Сергей Привалов прожил в бахаревском доме до пятнадцати лет, а затем вместе с своим другом Костей был отправлен в Петербург, где и прожил безвыездно до настоящего времени, то есть больше пятнадцати лет.

За этот промежуток времени в бахаревском доме произошли очень крупные перемены. Начать с того, что теперь дом резко разделялся на две половины: половину Марьи Степановны и половину Василья Назарыча. Собственно говоря, такое разделение существовало только для одной Марьи Степановны, которая уже в течение десяти лет не переступала порога половины мужа. Сам Бахарев и дети совсем не признавали такого разделения и одинаково пользовались обеими половинами. Это разделение произошло мучительным путем семейных недоразумений и несогласий. Дети подрастали. Нужно было давать им воспитание. Василий Назарыч, обращавшийся в пестрой семье золотопромышленников, насмотрелся на всяких людей и пришел к тому убеждению, что воспитывать детей в духе исключительности раскольничьих преданий немыслимо. С своей стороны он желал дать им лучшее образование, поставить на дорогу, а там – как знают. В Сибири Бахареву часто приходилось встречаться с образованными честными людьми; он чутьем понял могучую силу образования и желал видеть в своих детях прежде всего образованных людей. Эти взгляды на воспитание встретили жестокий отпор со стороны Марьи Степановны, которая прожила целую жизнь в замкнутой раскольничьей среде и не хотела знать никаких новшеств. После долгой борьбы она все-таки сдалась для сыновей, дочерей же не позволяла ни под каким видом «басурманить». Но здесь Бахареву было уже значительно легче выиграть дело, потому что в лице сыновей он имел известный прецедент и некоторую помощь.

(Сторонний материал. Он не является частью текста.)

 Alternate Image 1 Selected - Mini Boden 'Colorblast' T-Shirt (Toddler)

Они уже вносили с собой новую струю в жизнь бахаревского дома; одно их присутствие говорило о другой жизни. После долгих колебаний дело разрешилось вполовину: старшую дочь Надежду Марья Степановна уступила отцу, а младшую оставила при себе.

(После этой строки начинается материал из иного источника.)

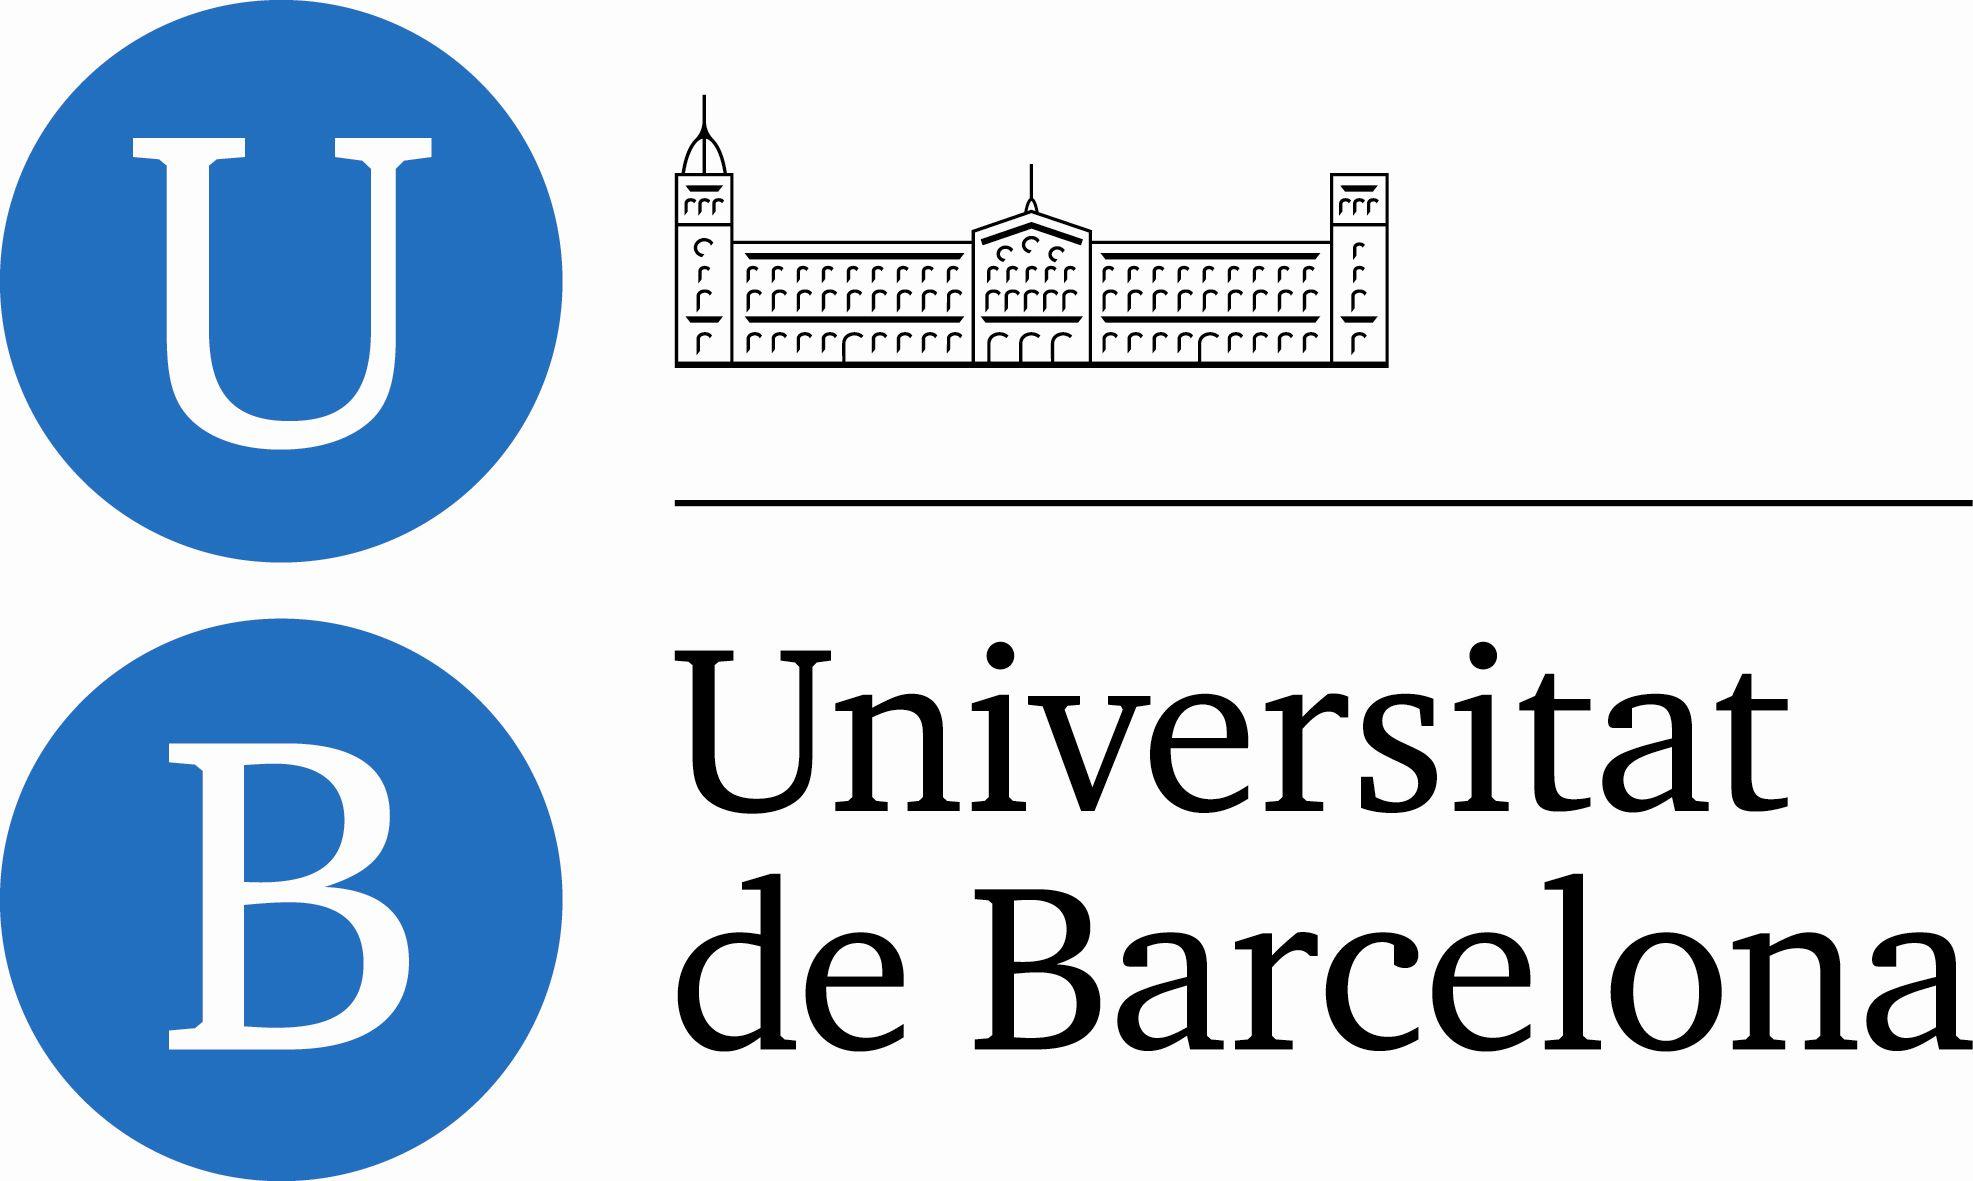 3ª Generación de Mindfulness, UB universitat de barcelona

– Ты от меня ее взял, ты и в ответе, – коротко резюмировала свою последнюю волю Марья Степановна. – Если бы жив был Павел Михайлыч…

– Маша, Маша, – уговаривал жену Бахарев, – ведь теперь другие люди, другое время…

– Ну и живи с другими людьми!

С этого времени и произошло разделение бахаревского дома на две половины: Марья Степановна в этой форме заявила свой последний и окончательный протест.

Василий Назарыч, отстаивая образование детей, незаметно сам втянулся в новую среду, вошел в сношения с новыми людьми, и на его половине окончательно поселился дух новшеств. На этой половине роль хозяйки с двенадцати лет принадлежала Надежде Васильевне, которая из всех детей была самой близкой сердцу Василья Назарыча. Он любил с нею рассуждать о своих делах и часто поверял ей свои самые задушевные мысли. Из этих дружеских отношений между отцом и дочерью постепенно выработался совершенно особенный склад жизни на половине Василья Назарыча: другие разговоры, интересы и даже самый язык. Отец и дочь понимали друг друга по одному движению, с полуслова.

Старшего сына, Костю, Бахарев тоже очень любил, но тот почти совсем не жил дома, а когда, по окончании университетского курса, он вернулся домой, между ними и произошли те «контры», о которых Лука сообщил Привалову. Дело в том, что Константин Бахарев был упрям не менее отца, а известно, что двум медведям плохо жить в одной берлоге. После одного крупного разговора отец и сын разошлись окончательно, хотя, собственно говоря, все дело вышло из пустяков. Это обстоятельство окончательно сблизило отца и дочь, так что Василий Назарыч не мог жить без нее. Надежда Васильевна понимала, что отец инстинктивно старается найти в ней то, что потерял в старшем сыне, то есть опору наступавшей бессильной старости; она делала все, чтобы подняться до уровня отцовского миросозерцания, и вполне достигла своей цели.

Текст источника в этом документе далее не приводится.